● **Task to complete**: Pictures are to be dropped. Everything else in the listing gets copied exactly.

● **Dataset excerpt**:
◇ ◇ ◇

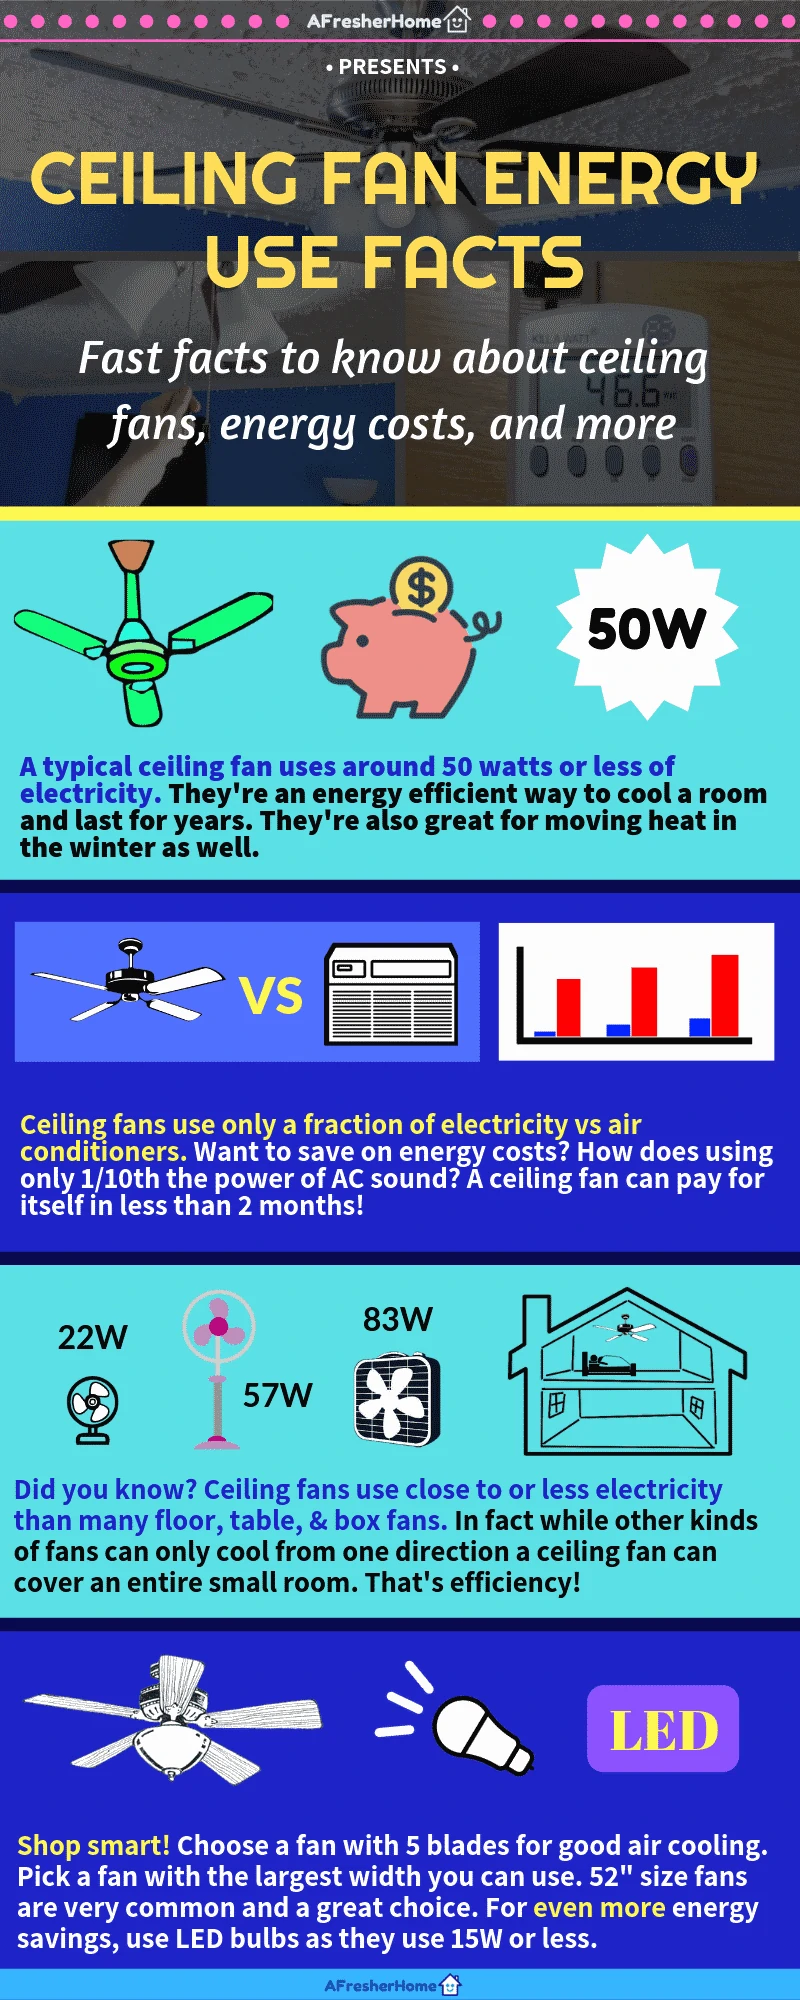 Infographic for ceiling fan energy use facts and information
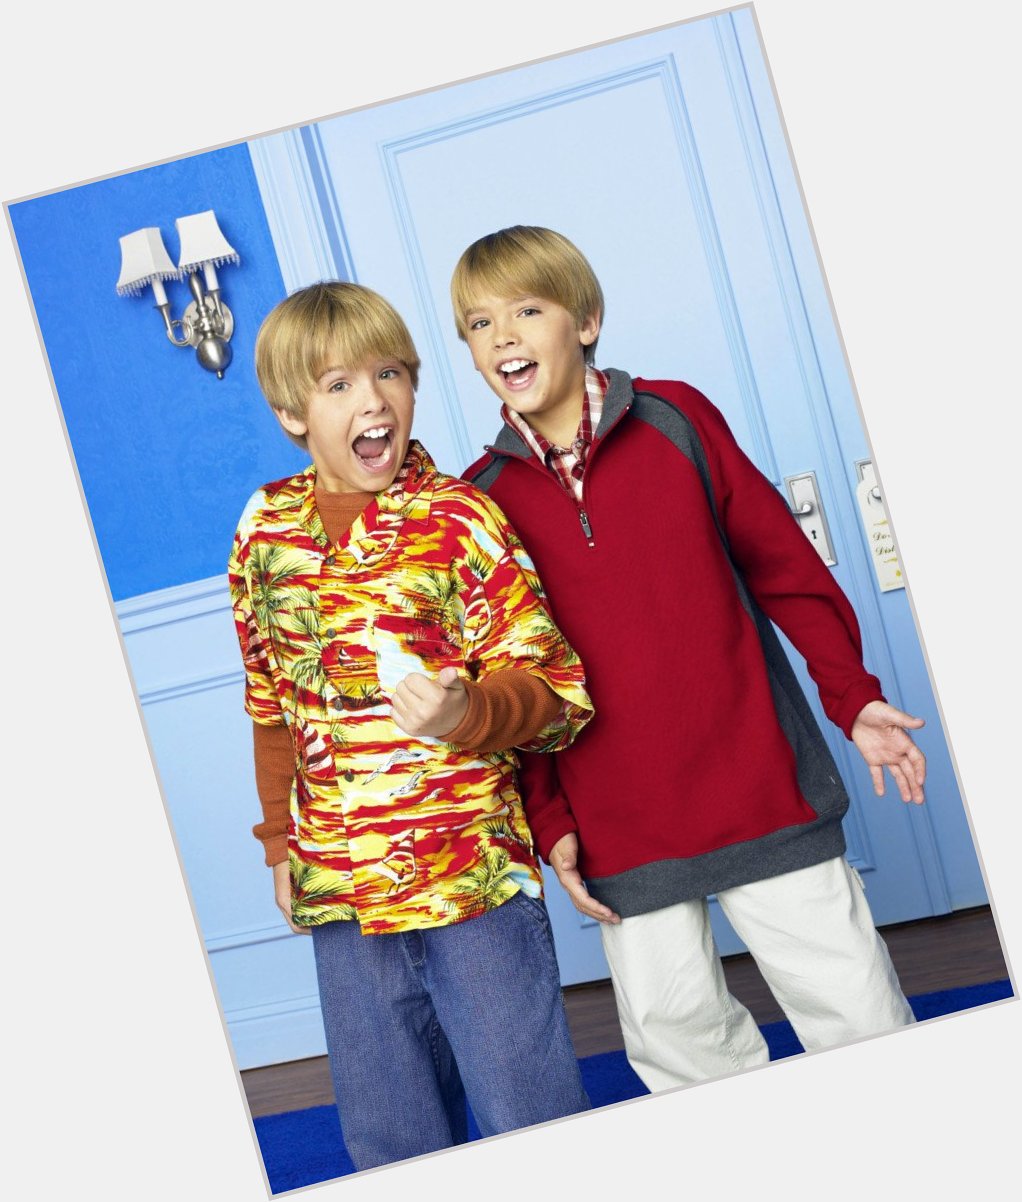 Happy 27th Birthday to Dylan and Cole Sprouse! 
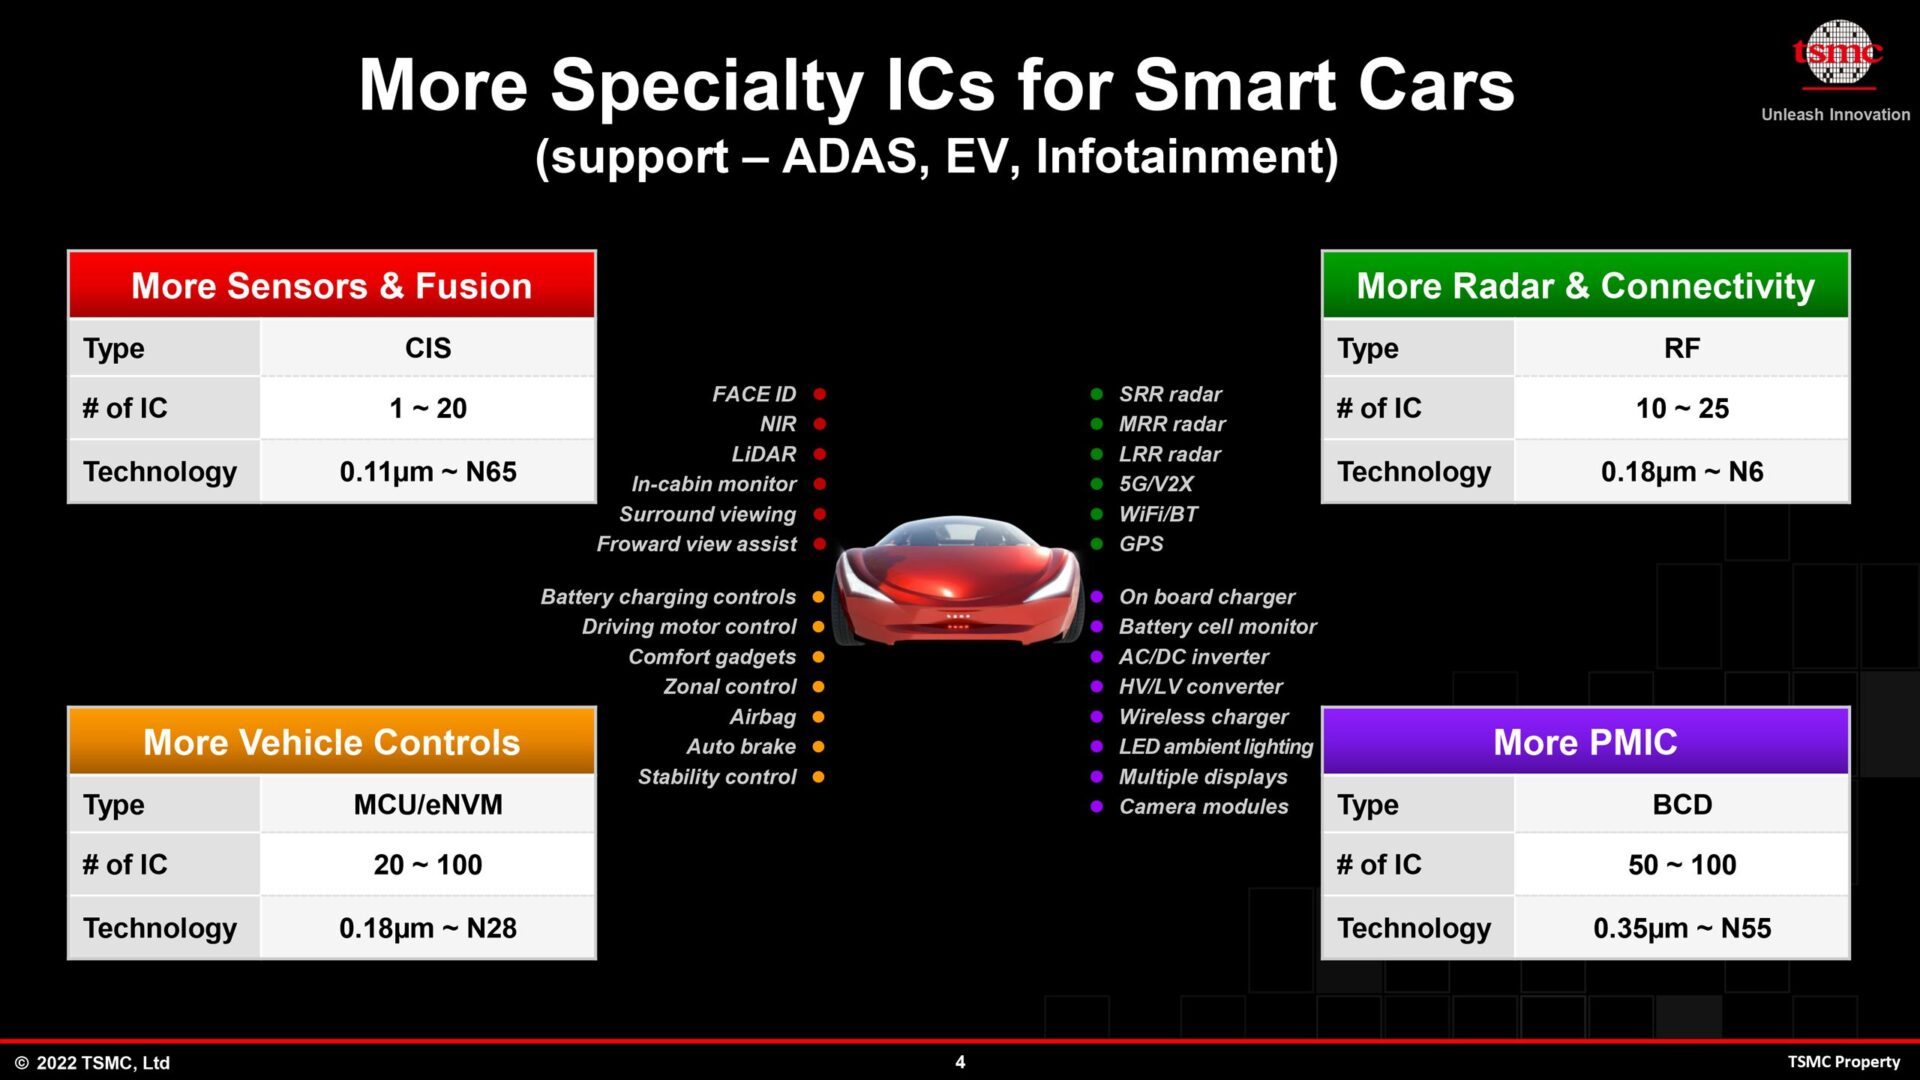 Component details and target etching fineness of automotive semiconductors according to TSMC.

◇ ◇ ◇

● **Solved exercise**:
 Infographic for ceiling fan energy use facts and information
 Happy 27th Birthday to Dylan and Cole Sprouse! 
 Component details and target etching fineness of automotive semiconductors according to TSMC.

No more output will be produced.